COLLECTED MATERIAL >>
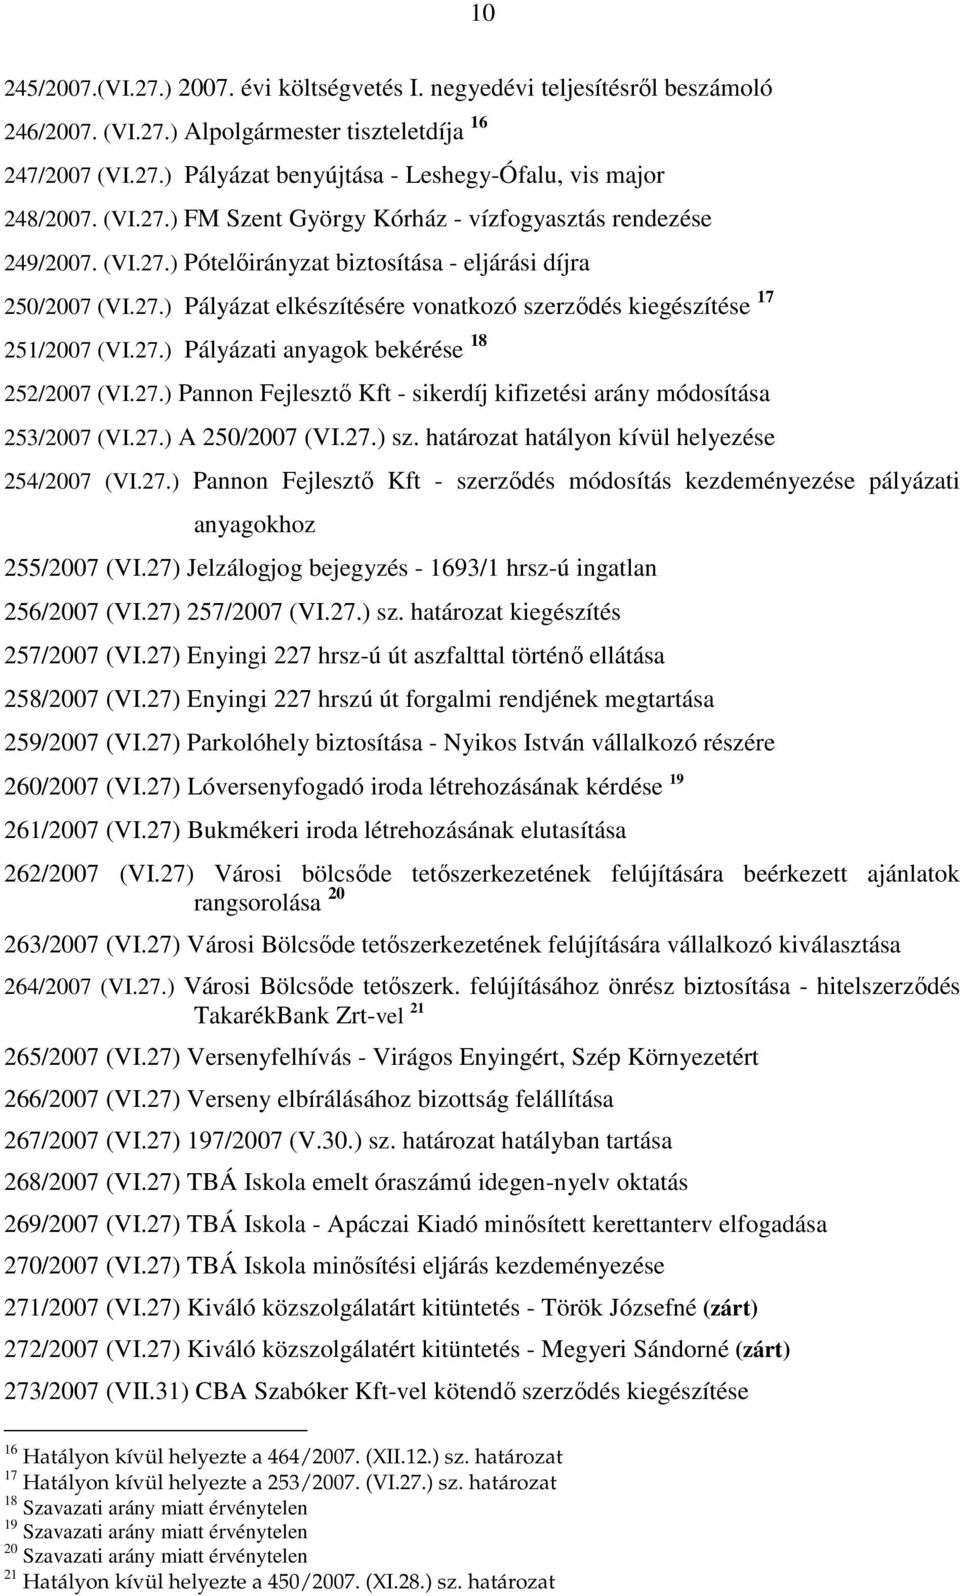 27.) Pályázati anyagok bekérése 18 252/2007 (VI.27.) Pannon Fejlesztı Kft - sikerdíj kifizetési arány módosítása 253/2007 (VI.27.) A 250/2007 (VI.27.) sz.
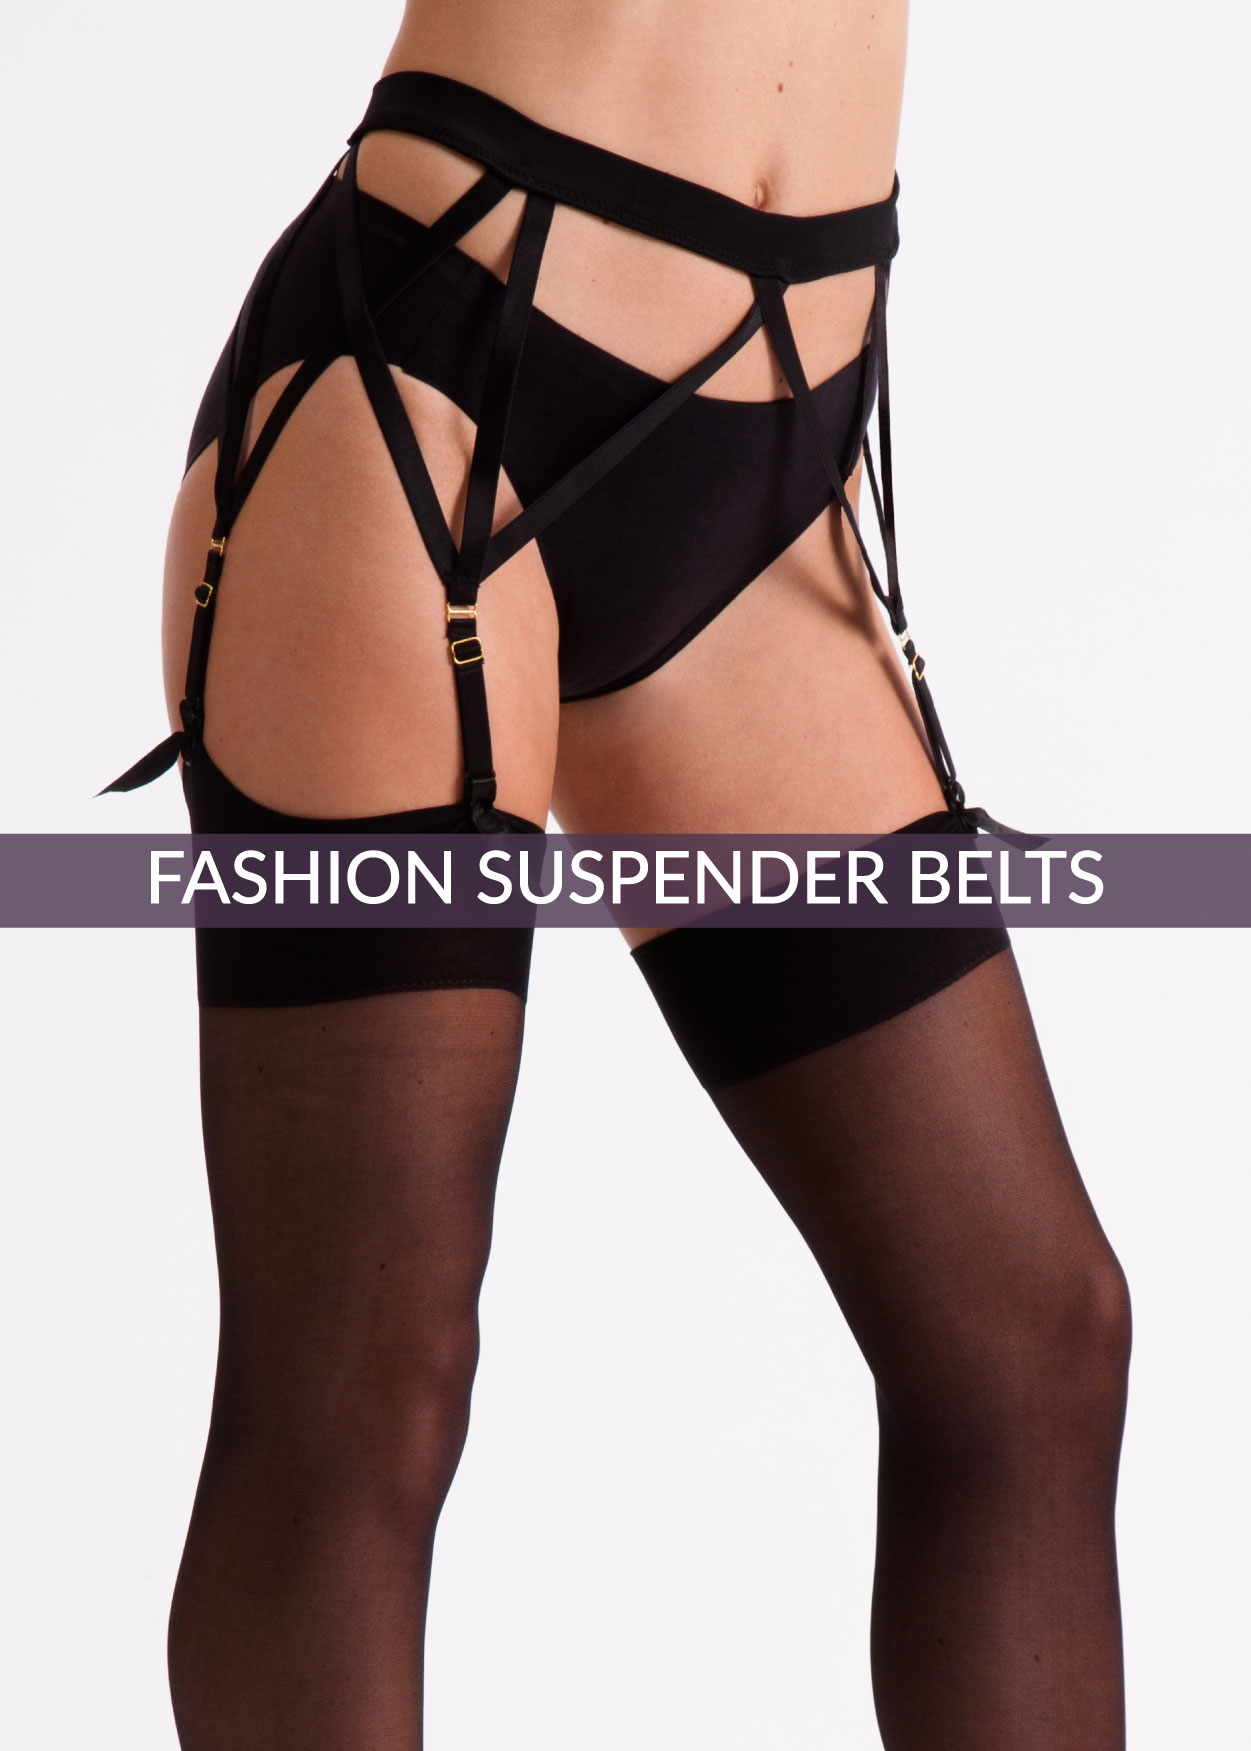 Fashion Suspender Belts
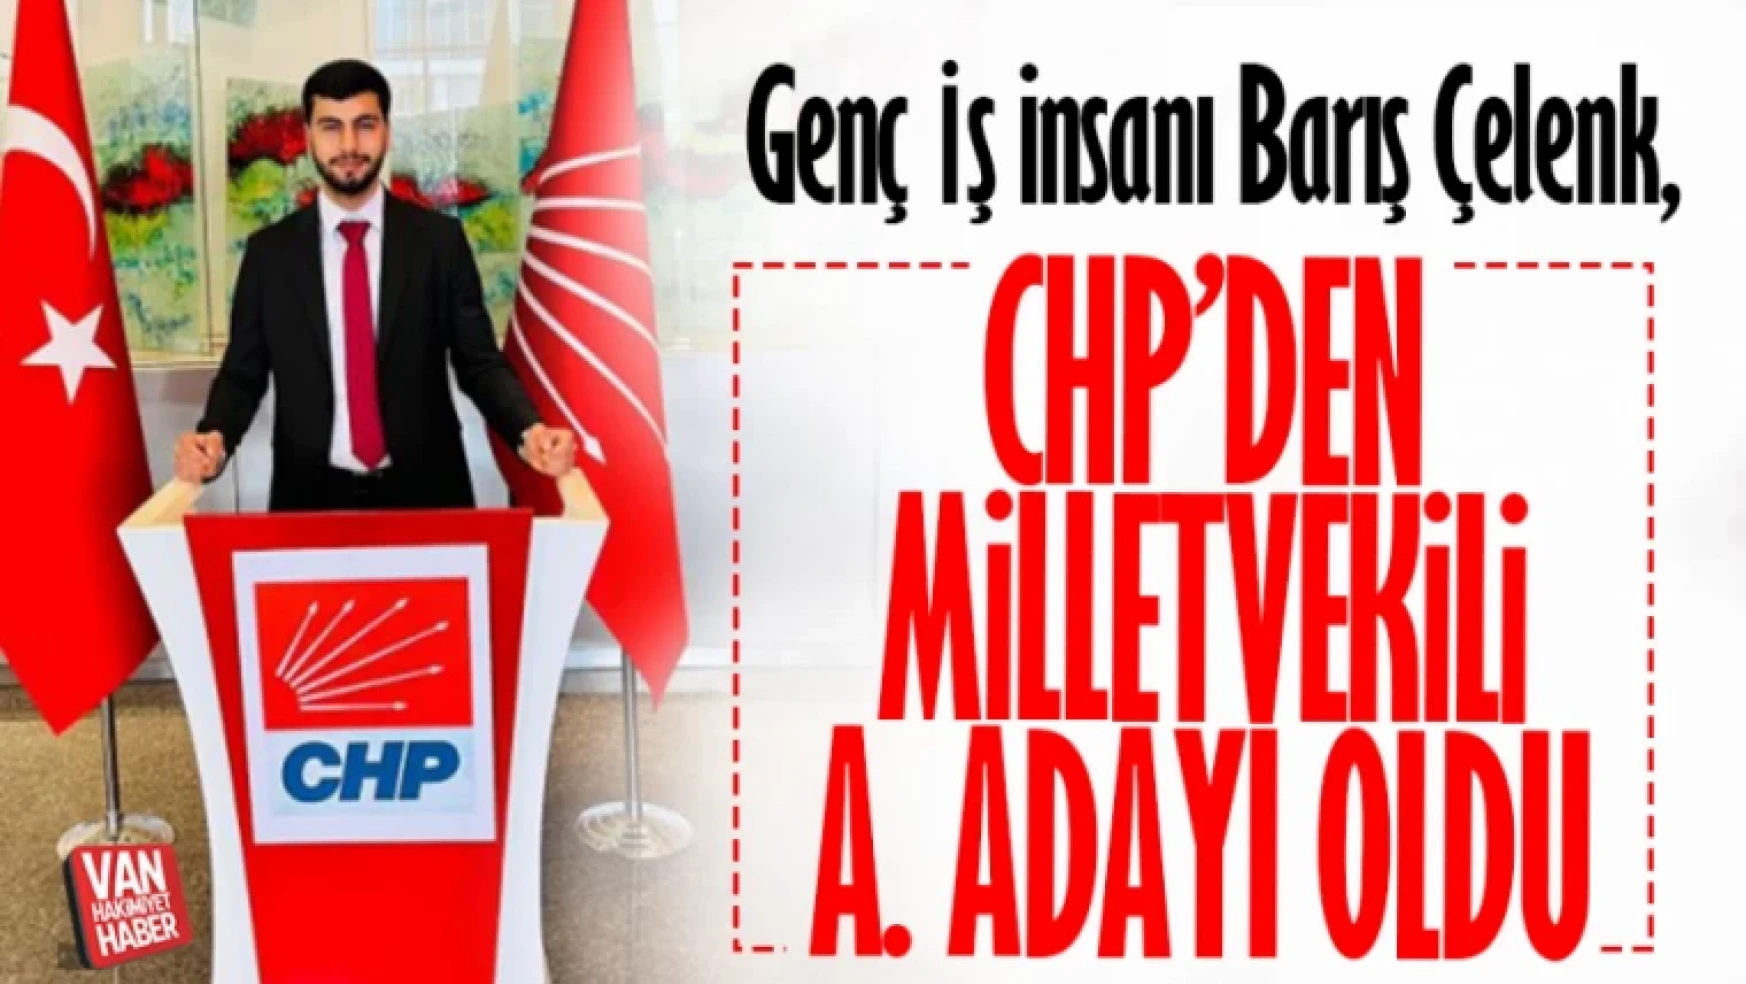 Genç İş insanı Barış Çelenk, CHP Van milletvekili aday adaylık başvurusunda bulundu
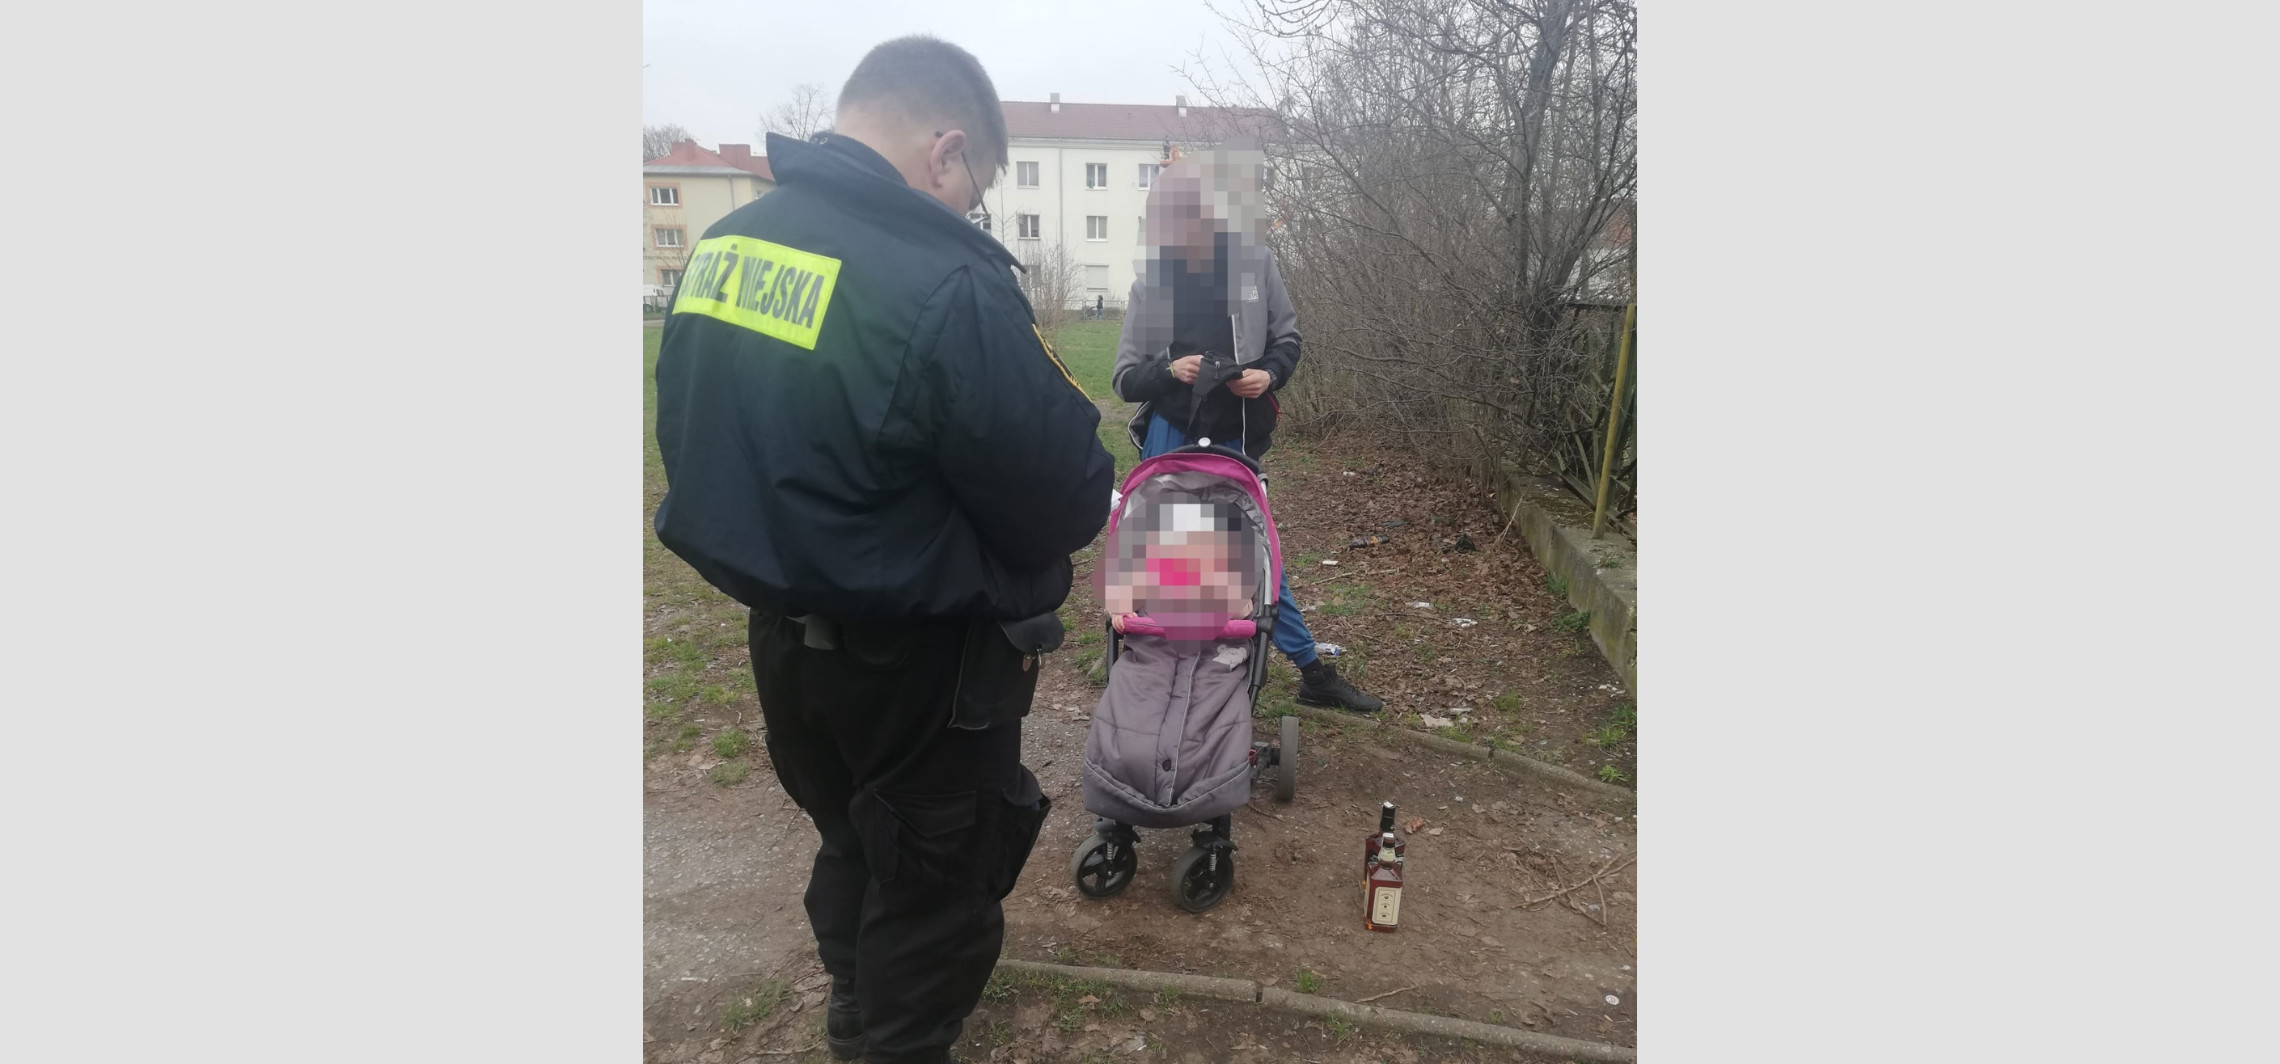 Inowrocław - Poszedł do sklepu z dzieckiem i ukradł alkohol

TRY IT >> When you retype the listing above, keep each line exactly as written and drop the pictures.

RESULT BELOW >>
 27.) Pályázati anyagok bekérése 18 252/2007 (VI.27.) Pannon Fejlesztı Kft - sikerdíj kifizetési arány módosítása 253/2007 (VI.27.) A 250/2007 (VI.27.) sz.
 Fashion Suspender Belts
 Genç İş insanı Barış Çelenk, CHP Van milletvekili aday adaylık başvurusunda bulundu
 Inowrocław - Poszedł do sklepu z dzieckiem i ukradł alkohol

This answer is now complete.